Primarily Bitcoin and Ethereum. Nonetheless imagine within the unique thesis as a non-institutional retailer of worth and a hedge in opposition to authorities financial coverage gone improper.
That stated, it’s a bit unnerving that it’s performing extra like a danger asset than digital gold currently. Gold was up 70%+ over the past 12 months. Bitcoin hasn’t saved tempo, which is unusual for one thing that’s presupposed to be “digital gold.”
However I like the basics long-term, I’ve some features I don’t wish to take the tax hit on, and it’s a significant diversification play as an anti-institutional hedge. The extra establishments purchase it and the larger it will get, the decrease the upside and extra volatility—however I’m nonetheless holding.
11% actual property.
One rental property. Actually not an amazing pure funding—extra a home we love that we’re renting out till we resolve what to do with it.
Establishing and operating an Airbnb for the previous 4 months has given me a brand new appreciation for the way a lot work short-term leases are, even with another person managing it. It’s additionally made me respect what a great deal Airbnb is as a traveler—stroll in, use it for just a few days, pay, and depart with out coping with any of the complications.
9% money.
I like having a cushion, particularly with markets at all-time highs. Half of that is earmarked for a “large bets” fund—ready for one or two high-conviction alternatives the place I can wager meaningfully. Searching for these in 2026.
Lower than 1% personal investments.
Three small bets on founders I imagine in: IntelliGems, Postpilot, and Kanpai Meals. All three have constructed nice firms.
I haven’t put a ton of cash to work on the personal aspect. It’s fascinating when you may have area experience and get alternatives with folks you belief, however it’s a small a part of the general portfolio.
Two Sells This 12 months
Tesla. I held Tesla for about 4 years. Good run. However I offered this yr for just a few causes.
My unique thesis was the product—the automobile was so good and other people have been so pleased with it. However the firm appears to be shifting from being a automobile firm to an enormous wager on robotics, self-driving, and automatic taxis. Not that these gained’t work, however my unique thesis has modified and I haven’t achieved the homework to guage if these different issues are value a trillion-plus valuation.
There’s additionally rising key man danger with Elon. He’s getting older, has labored insanely exhausting his complete life, and is spreading himself throughout a number of firms. That danger grows yearly.

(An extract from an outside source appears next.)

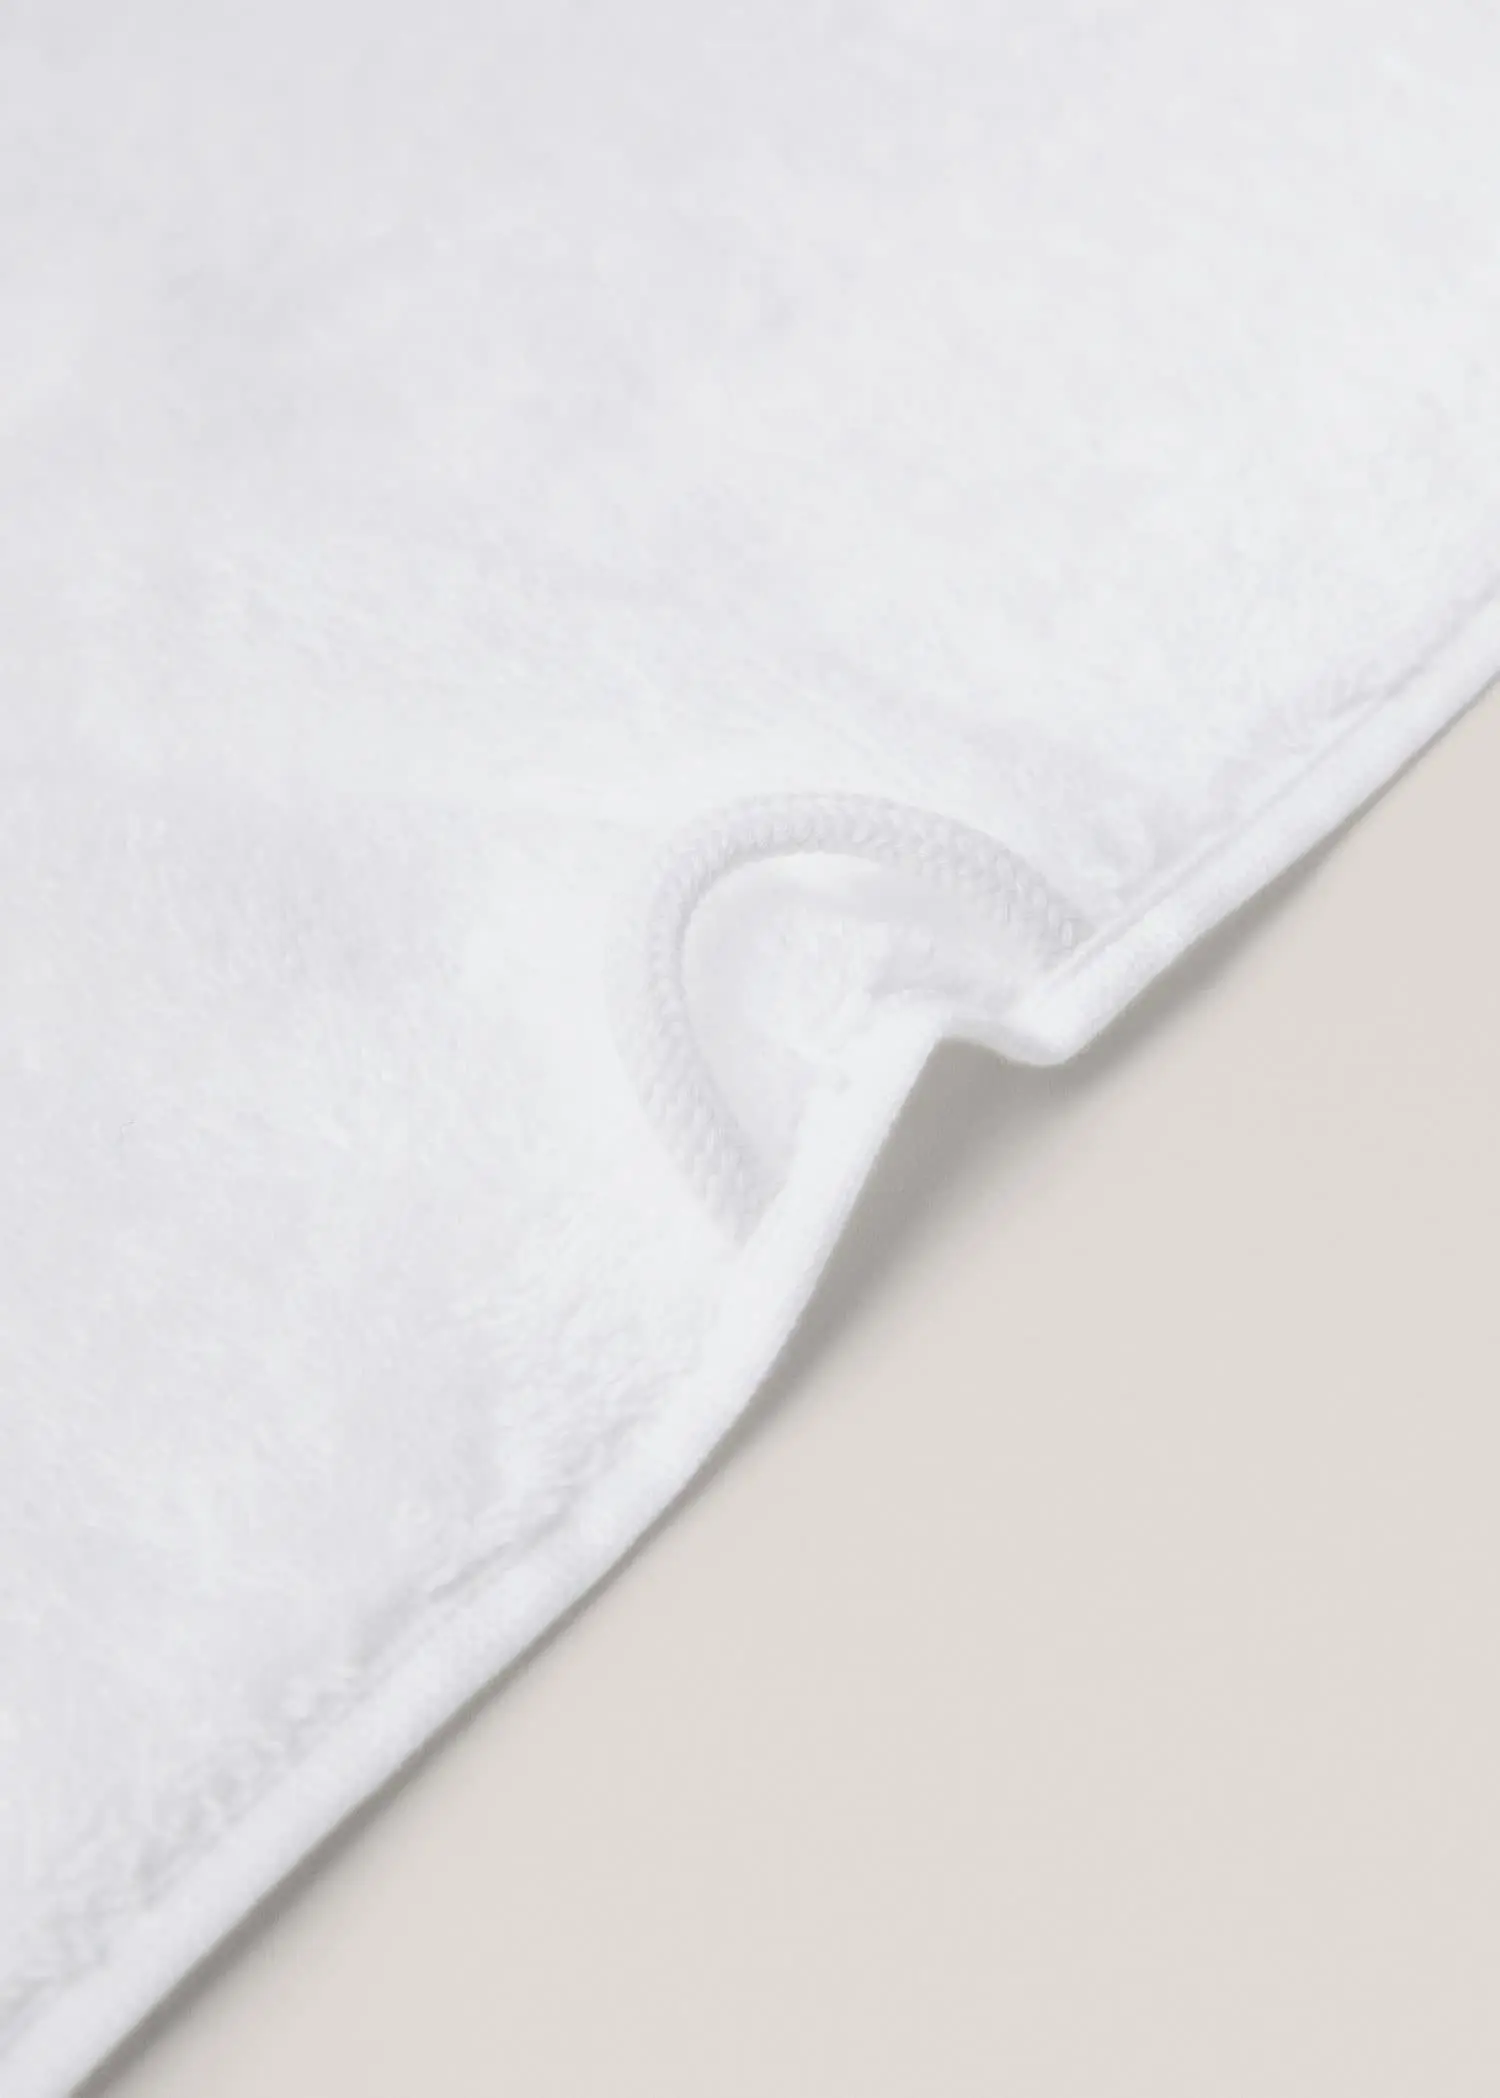 Mango Cotton 500gr/m2 hand towel 20x35 in . 3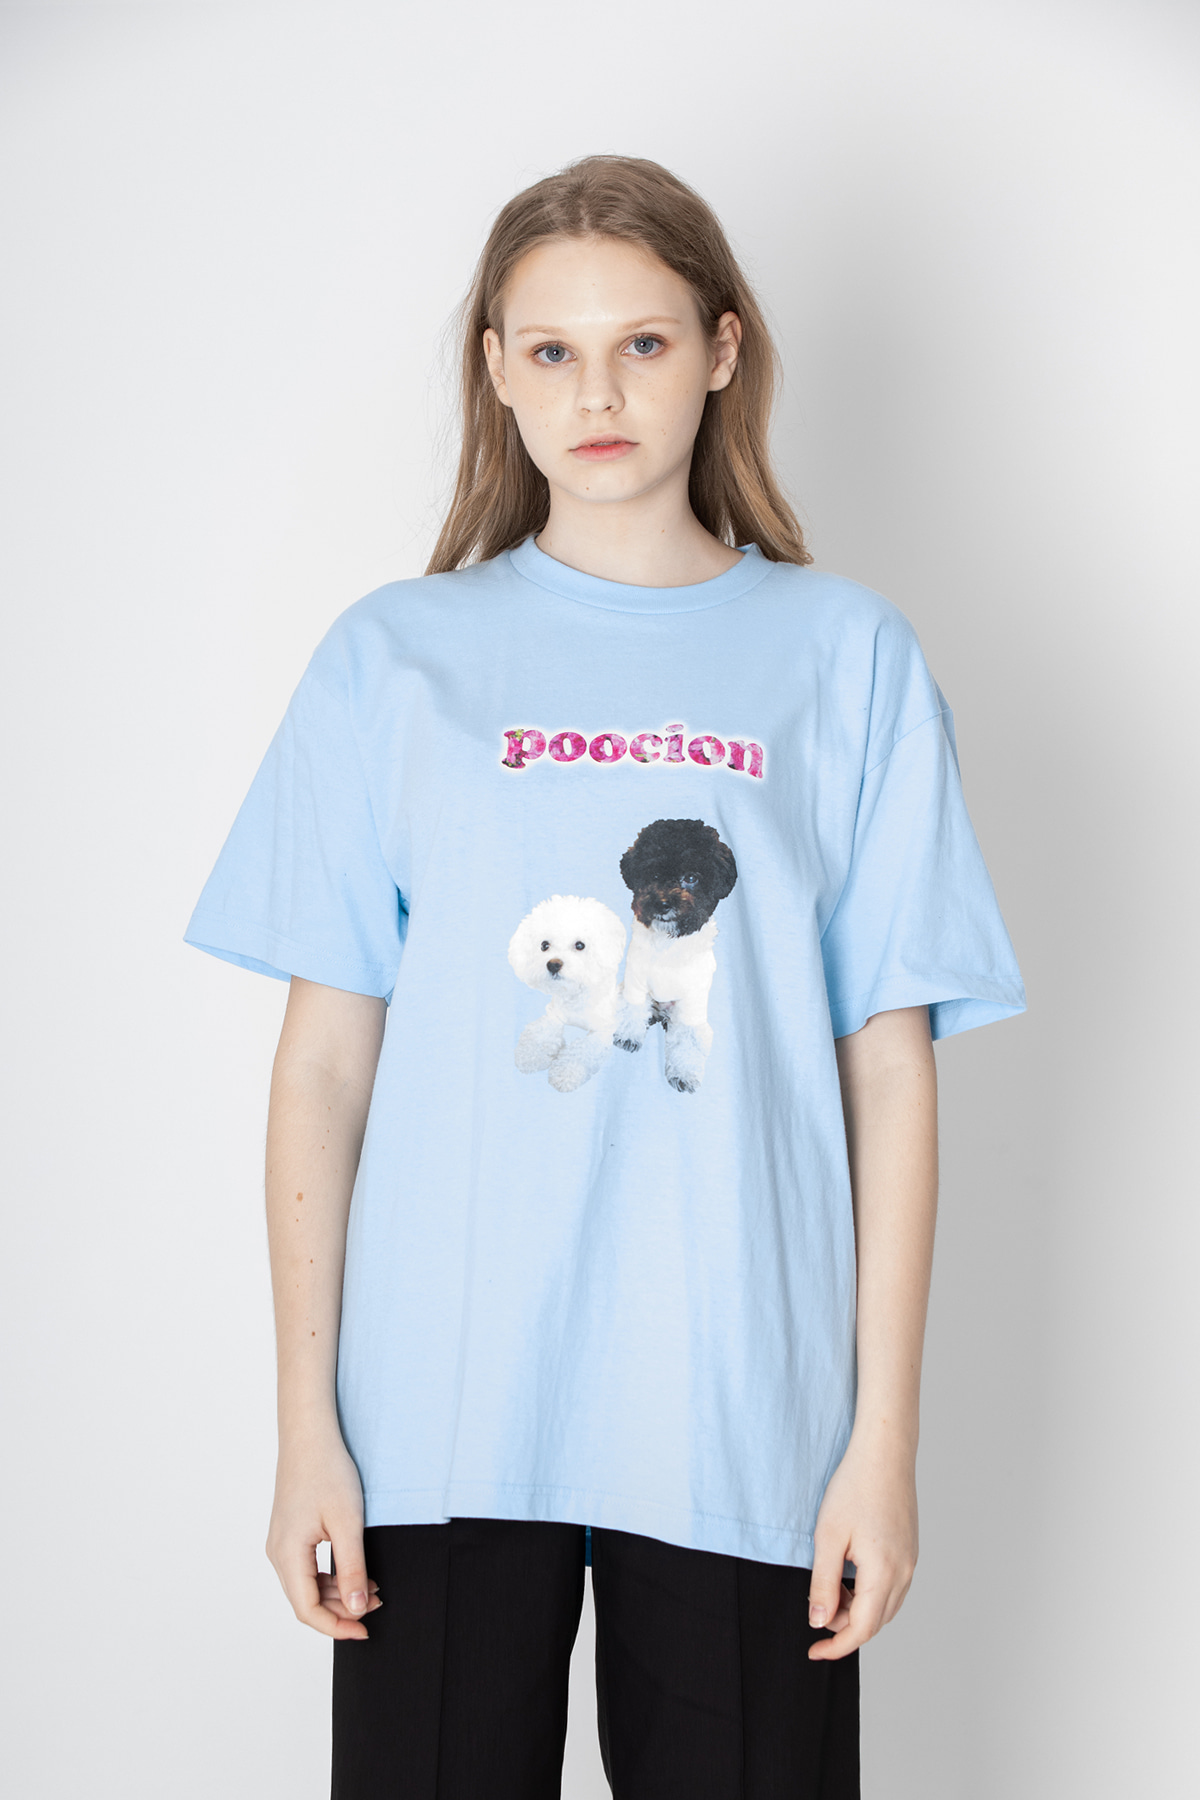 POOCION Twin T-shirt (Sky Blue)

At a trillion-plus valuation with my unique thesis modified, felt like a great time to exit.
Airbnb. This was one in all my worst choices just lately. I made a knee-jerk funding—heard it beneficial by somebody and acquired it as a result of I wasn’t positive what else to do with the cash. Basic mistake.
I held it for six to 12 months, broke roughly even, and offered. After organising my very own Airbnb this yr, I spotted I’m not as bullish on the corporate as I assumed. They’re not horrible, however they’ve been lackluster in progress for years and I’m unsure what the catalyst for change is.
The largest lesson: don’t make 5-out-of-10 conviction bets on particular person shares. In the event you don’t have excessive conviction, simply put it in an index fund.

That’s the Baseline
I’ll report again on the finish of the yr on how this carried out vs. the S&P.